A flaming good dessert...
 

1 lb 

 

bag frozen dark sweet cherries, thawed

 

2 cups + 1 Tbs 

 

cherry juice

 

½ cup 

 

dried tart cherries

 

3 Tbs 

 

granulated sugar

 

1 whole 

 

vanilla bean, split lengthwise

 

1 Tbs 

 

arrowroot

 

¼ cup 

 

thin matchstick- size strips orange peel (orange part only)

 

1/3 cup 

 

kirsch (clear cherry brandy)

 

1 quart 

 

vanilla or cherry- vanilla swirl ice cream

 

 

1

Place sieve over bowl. Add thawed cherries; let drain. Pour drained juices into heavy medium skillet (set cherries aside). Mix 2 cups cherry juice, dried cherries and sugar into same skillet. Scrape in seeds from vanilla bean; add bean.

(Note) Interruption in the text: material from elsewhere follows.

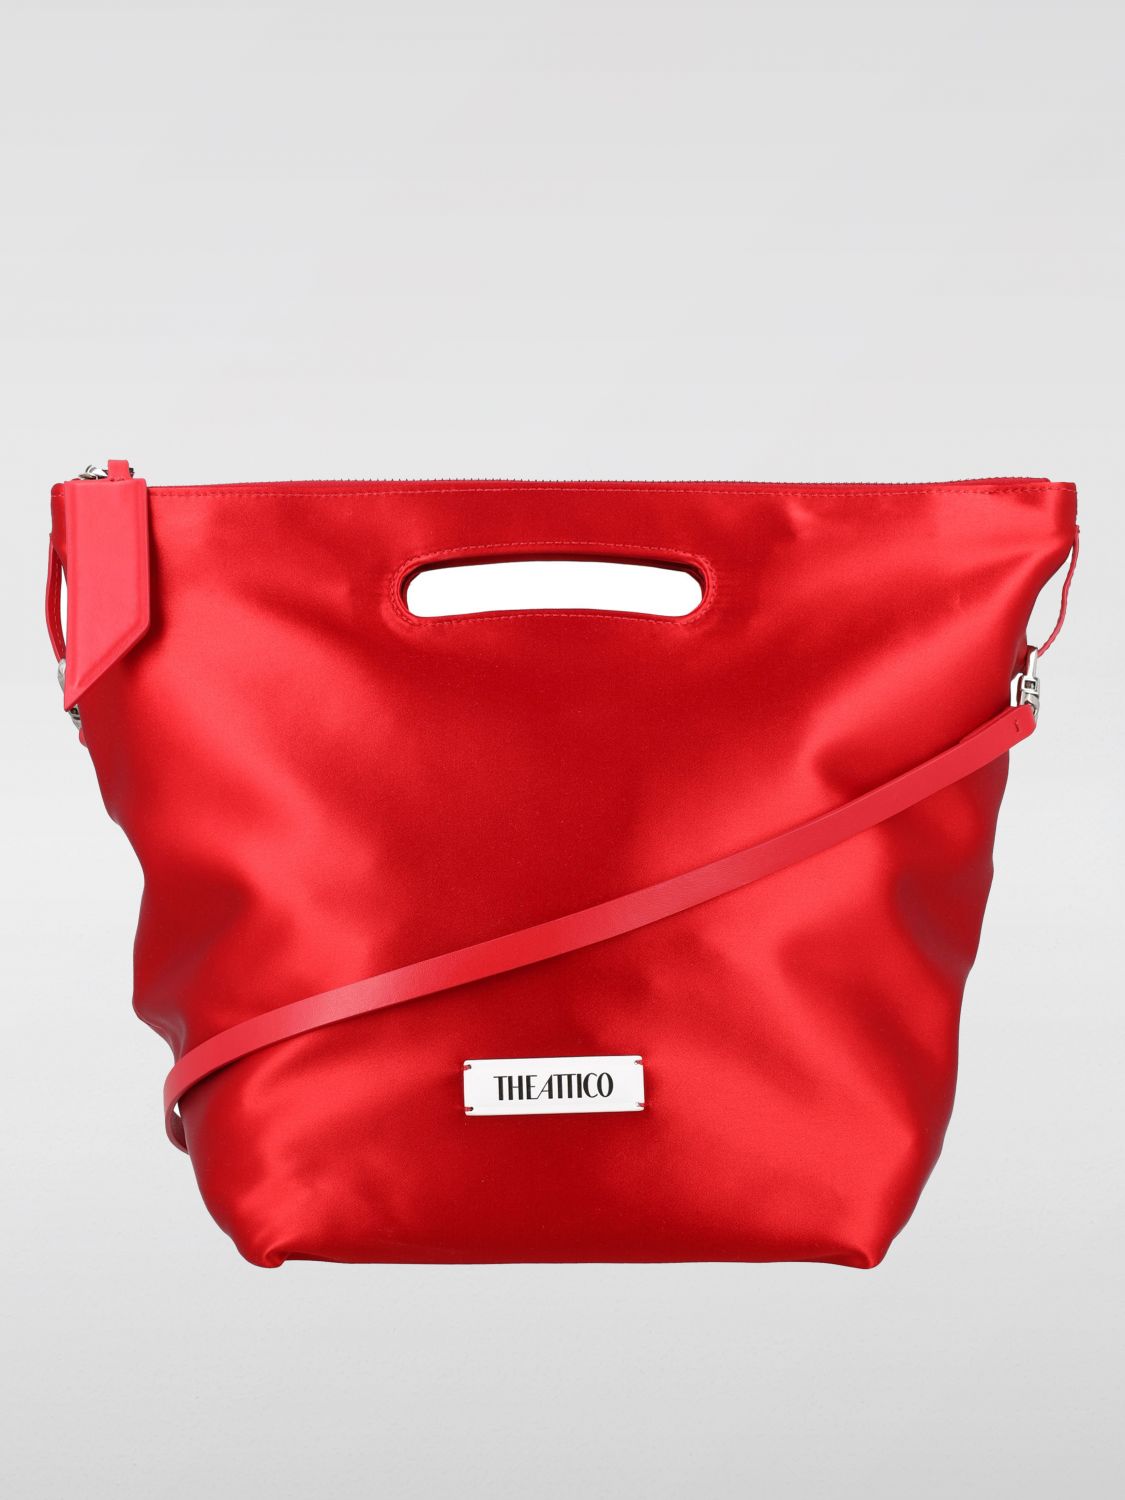 Attico Handbag The  Woman Color Red

Boil sauce until reduced to 1½ cups, stirring occasionally, about 12 minutes.

2

Mix arrowroot with remaining 1 Tbsp. juice in small bowl. Whisk into sauce. Boil until thickened, about 1 minute. Discard vanilla bean. Mix in drained cherries and orange peel.

3

When ready to serve, heat kirsch in skillet over low heat. Remove from heat. Carefully ignite kirsch with match. Carefully pour flaming kirsch into sauce. Scoop ice cream into bowls. Spoon sauce over.

 

Servings: 6

 

 Cooking Tips

*Arrowroot is a white powder that can usually be found in the baking aisle of your supermarket.

**Kirsch can be found at larger supermarkets and liquor stores.